Once you find the line with "Examenes y Apuntes" in the entries below, print it and each line after it up to and including the line with "BNCC-Base Nacional Comum Curricular", exactly, without pictures.

*** Opening SUPPLIED MATERIAL ***

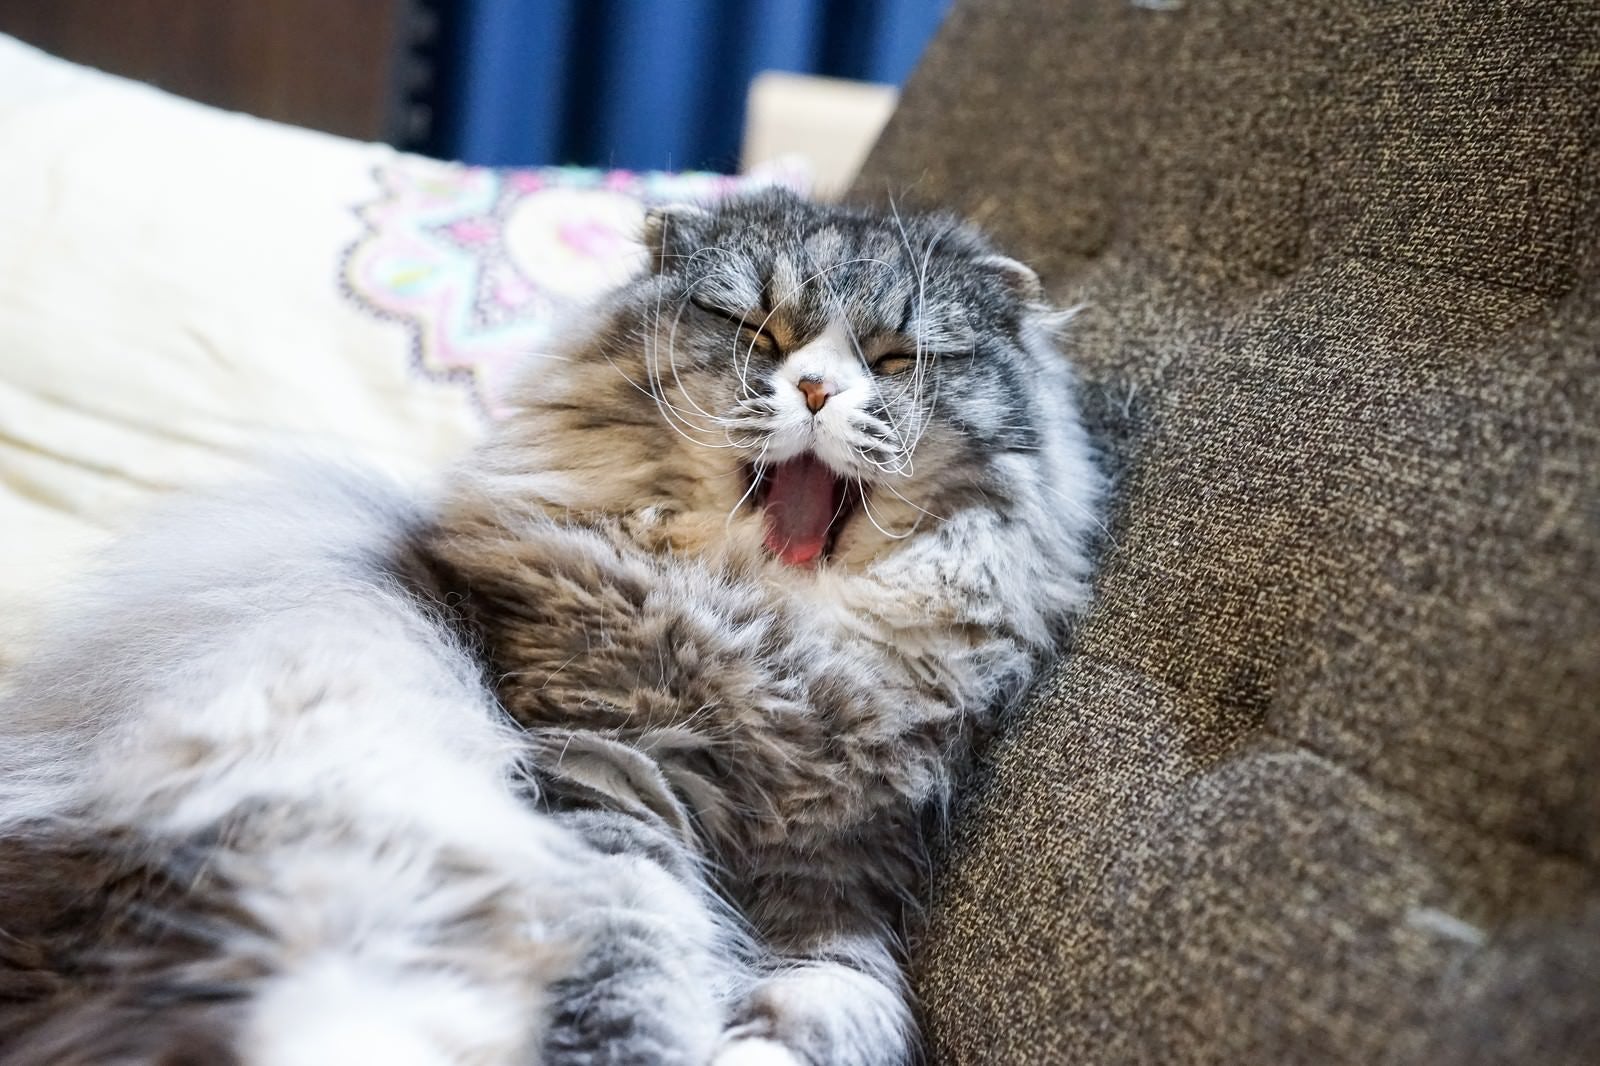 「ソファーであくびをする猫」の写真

*** Closing SUPPLIED MATERIAL ***
*** Opening SUPPLIED MATERIAL ***

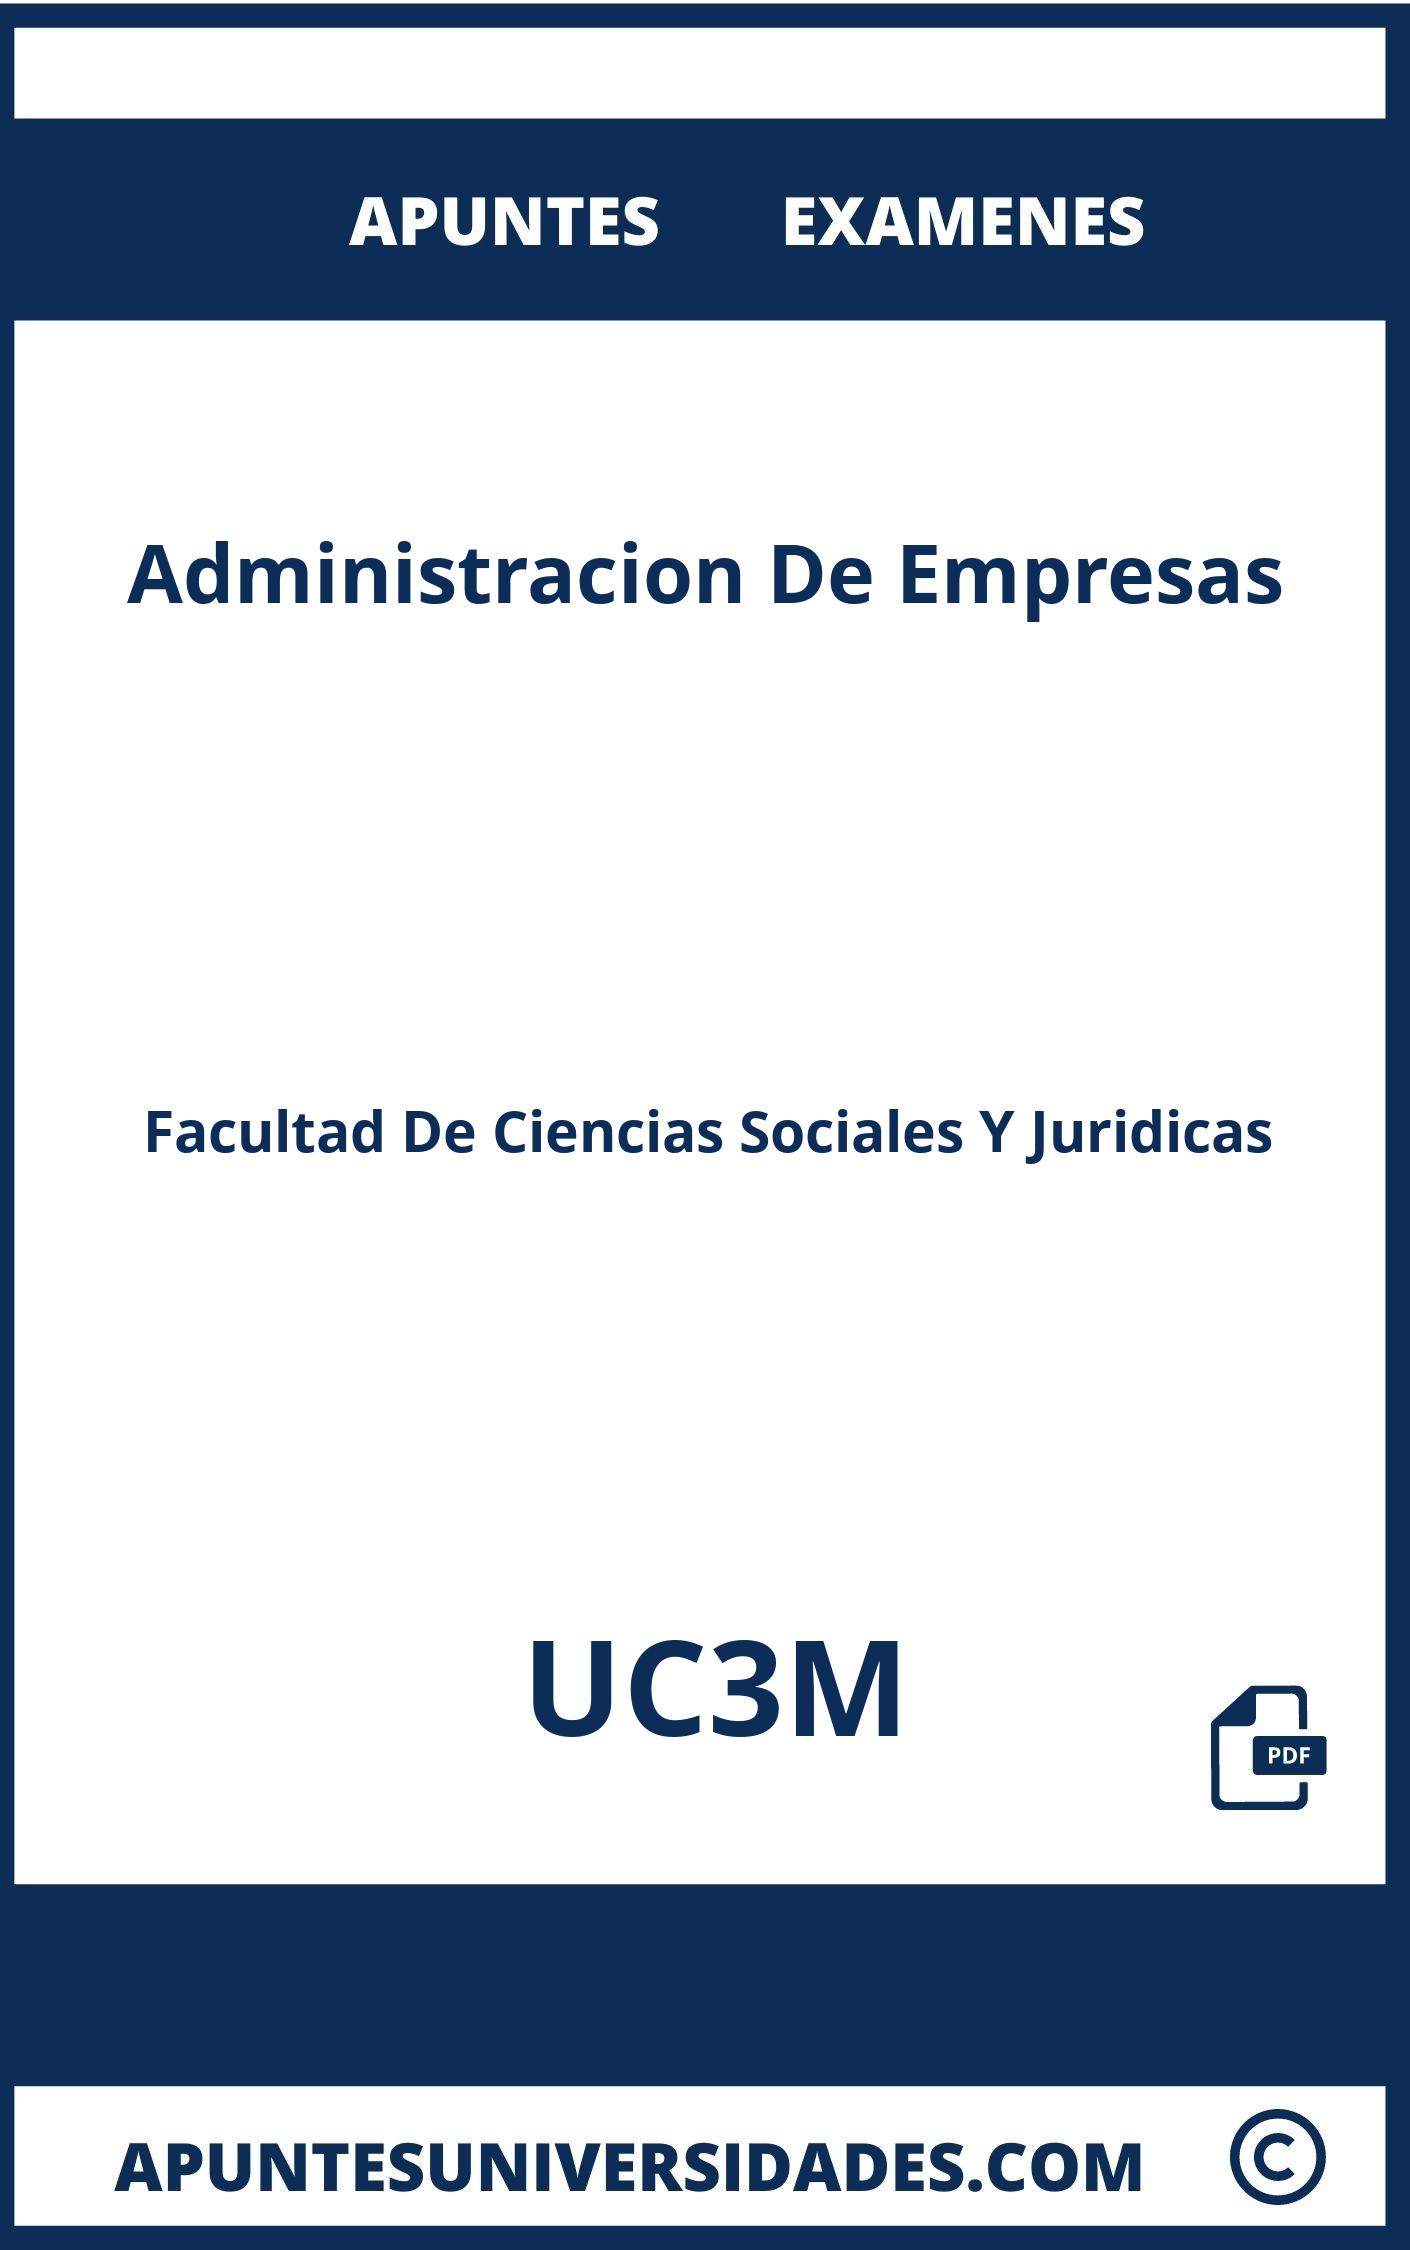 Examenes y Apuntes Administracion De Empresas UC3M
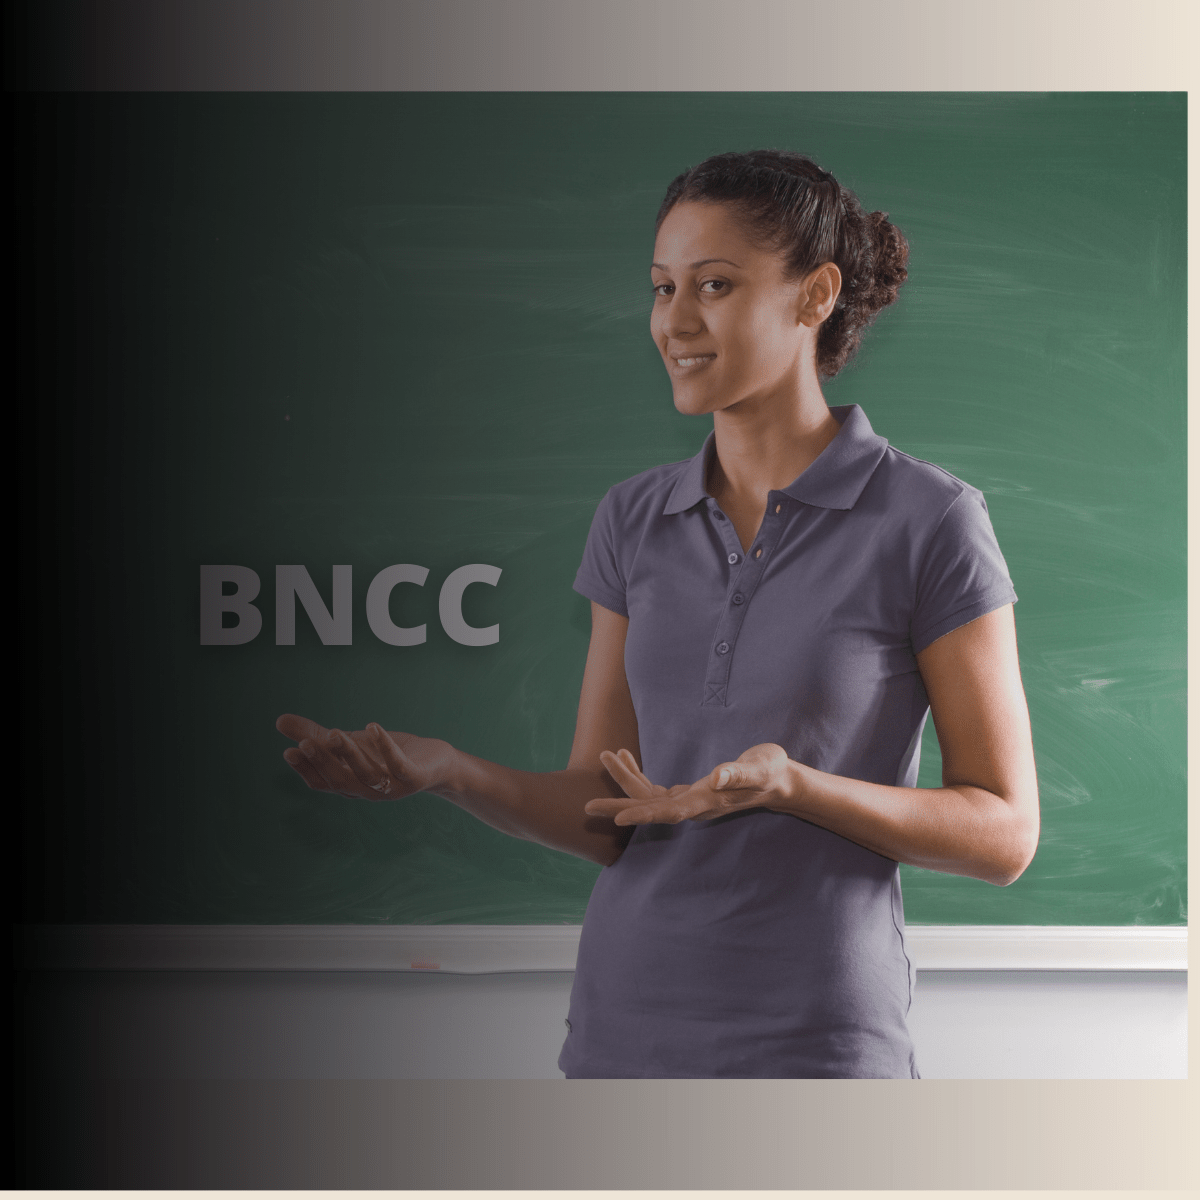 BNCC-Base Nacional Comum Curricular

*** Closing SUPPLIED MATERIAL ***

(RESULT FOR THIS TASK):
 Examenes y Apuntes Administracion De Empresas UC3M
 BNCC-Base Nacional Comum Curricular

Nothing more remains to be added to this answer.